1. Ensure your Python installtion is 3.8.10 or higher.
2. You are using the pip3 package manager.
3. Run the below installation steps. These are all the packages used in this notebook.

In [None]:
!pip3 install torch
!pip3 install torchvision
!pip3 install torchmetrics
!pip3 install kagglehub
!pip3 install json
!pip3 install matplotlib
!pip3 install cv2

## Section 2 - Dataset Loading

The user has two options for initializing their data.  They can either provide a path to a local copy of the dataset folder or they can load it using the Kagglehub module.  To choose the local path option, simply provide the absolute path to the 'SARscope' folder and no lower.  To choose the Kagglehub option, leave the 'path' variable as 'None'.

In [None]:
# Utility Imports
import json
import os
import pathlib
import random
import shutil


# Data Handling Imports
import cv2
import kagglehub
import matplotlib.pyplot as plt


# Model & Metric Imports
import torch
import torchmetrics
import torchvision

project_path = pathlib.Path.cwd().parent.resolve()
print(f"Project path: {project_path}")

### Section 2.1: Note on Kagglehub

Kagglehub does not natively support downloading to specific directories on the user's file system.  It instead downloads it to a cache folder, which may vary between users.  Thus, all downloads will move the data folder to the included data directory under the '*/data/kaggle/*' folder for consistency.

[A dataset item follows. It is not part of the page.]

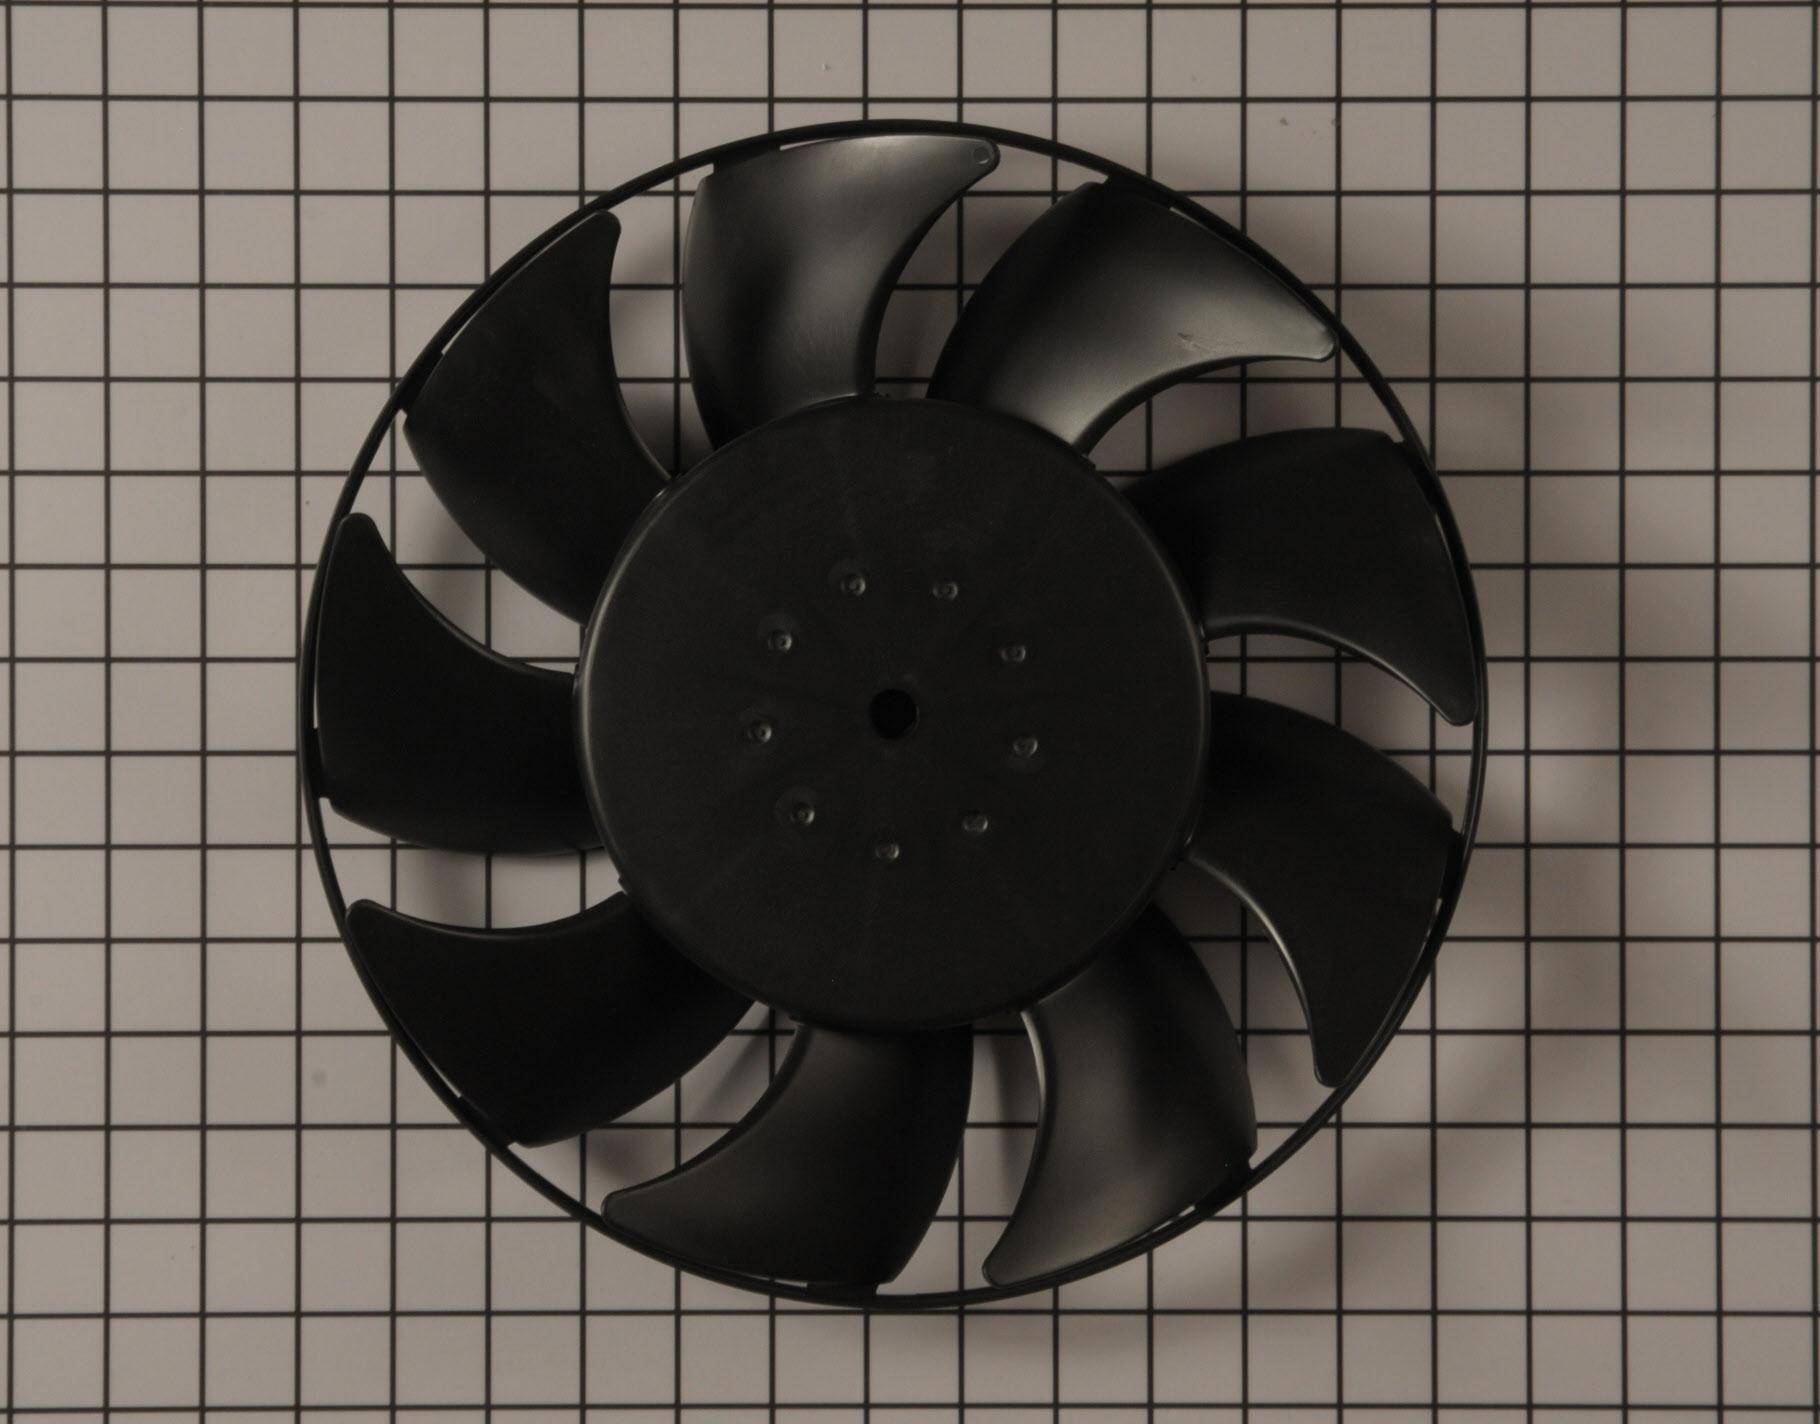 20414601 Goodman Central Air Conditioner Part -Fan Blade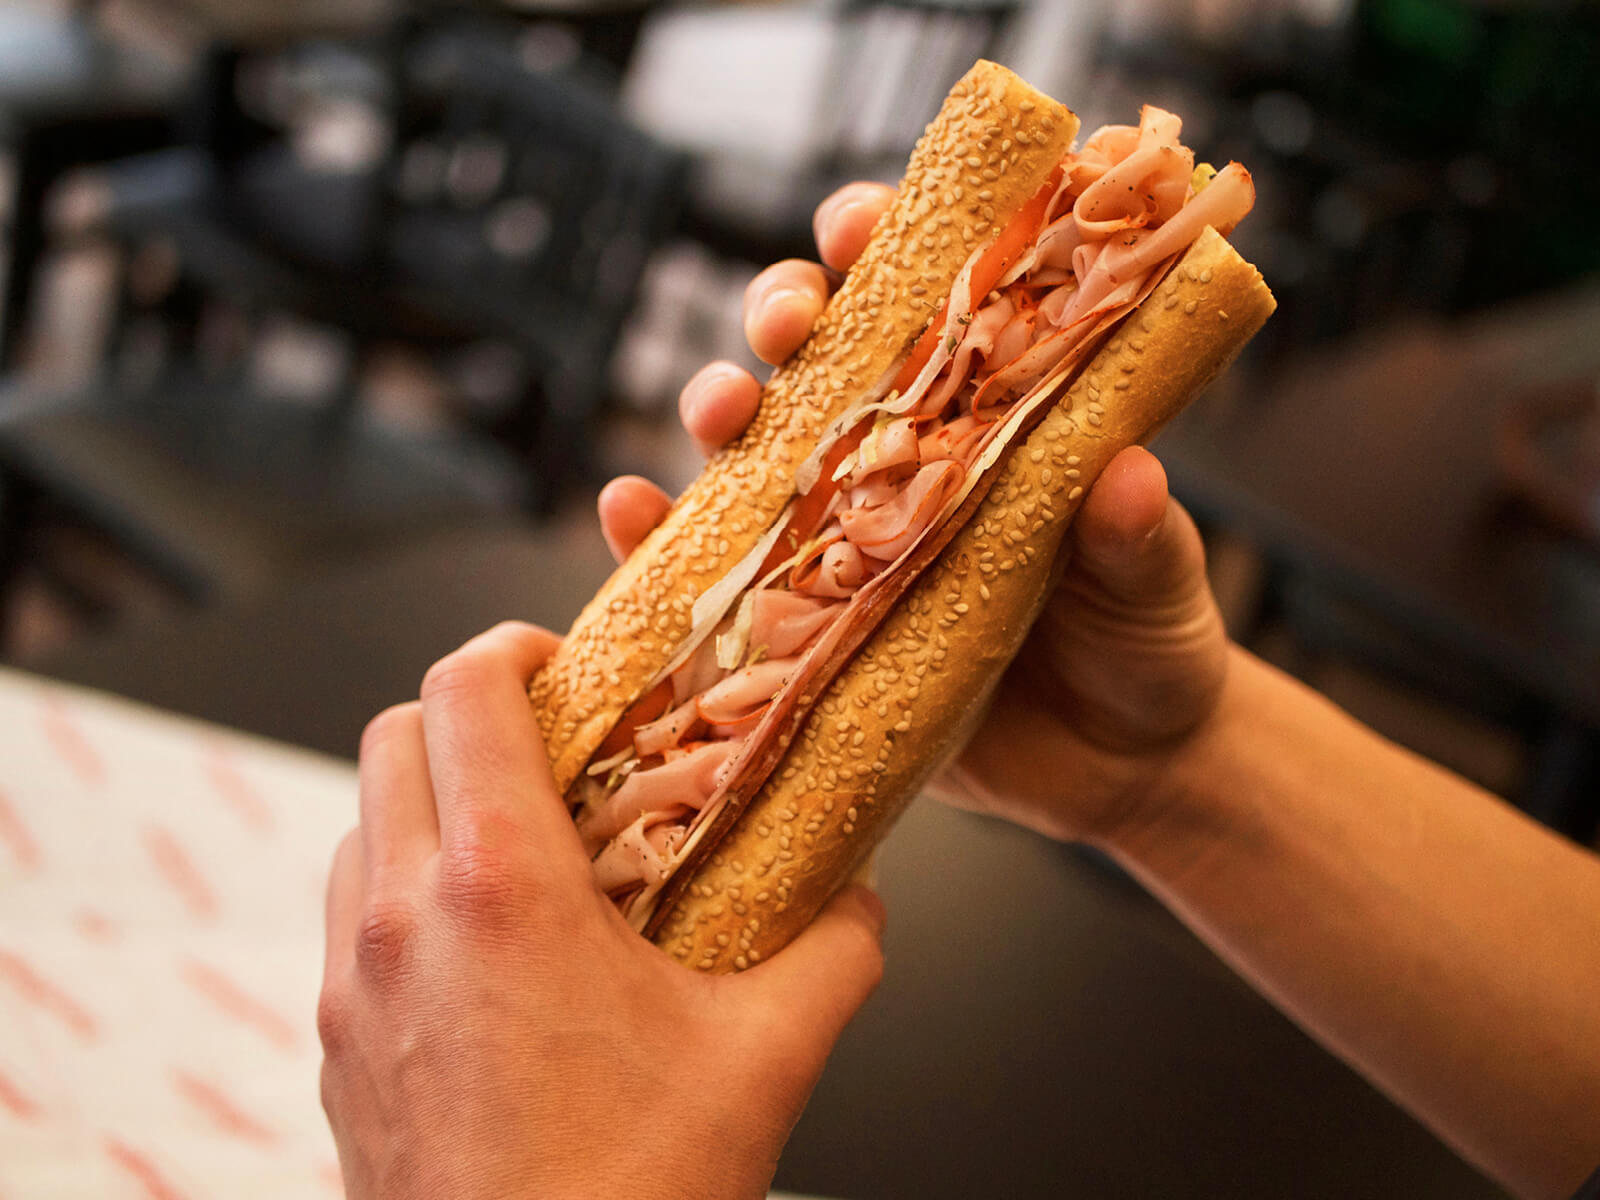 PrimoHoagies Franchise - Fresh Meats & Cheese & Award-Wining Bread

If you have an error, this is likely due to the `shutil.move()` command failing because it sees the dataset still cached.  To counteract this, `cd` into the cache directory that is printed in the output and delete the entire data folder.  Then run this block again.

Once the dataset is downloaded, you can either continue or change the `data_path` variable from `None` to the *SARscope* folder's absolute path which will avoid re-downloading everything.

In [None]:
data_path = None # Leave None to download data through Kagglehub.  Otherwise, provide the path to your dataset.

if data_path is None:
    # Create the Kaggle directory to move the downloaded data to
    kaggle_path = os.path.join(project_path, "data", "kaggle")

    if not os.path.exists(kaggle_path):
        os.makedirs(kaggle_path, exist_ok=True)

    # Download the SARscope dataset from Kaggle
    try:
        cached_path = kagglehub.dataset_download("kailaspsudheer/sarscope-unveiling-the-maritime-landscape")
    except:
        raise LookupError("Unable to download SEAscope dataset.")

    # Get the absolute path and move it.
    cached_path = os.path.abspath(os.path.join(cached_path, "SARscope"))

    print(f"Moving cached dataset from directory {cached_path} to {kaggle_path}")
    shutil.move(cached_path, kaggle_path)

    data_path = os.path.join(kaggle_path, "SARscope")

In [None]:
print(f"Using path to dataset: {data_path}")

## Section 3 - Data Visualization

Below, we visualize a few randomly selected images throughout the training dataset as examples of the different types of images the model will encounter and to ensure the annotations are working as expected.

In [135]:
train_files = os.listdir(os.path.join(data_path, "train"))

# Extract the annotation file
train_annotation_file = [x for x in train_files if x.endswith(".json")][0]
train_annotation_file = os.path.join(data_path, "train", train_annotation_file)

# Remove the annotation file from the list of image files and add the absolute paths
train_files = [x for x in train_files if not x.endswith(".json")]
train_files = list(map(lambda x: os.path.join(data_path, "train", x), train_files))

In [134]:
train_sample = random.sample(train_files, 3)

with open(train_annotation_file, 'r') as fAnn:
    annotations = json.load(fAnn)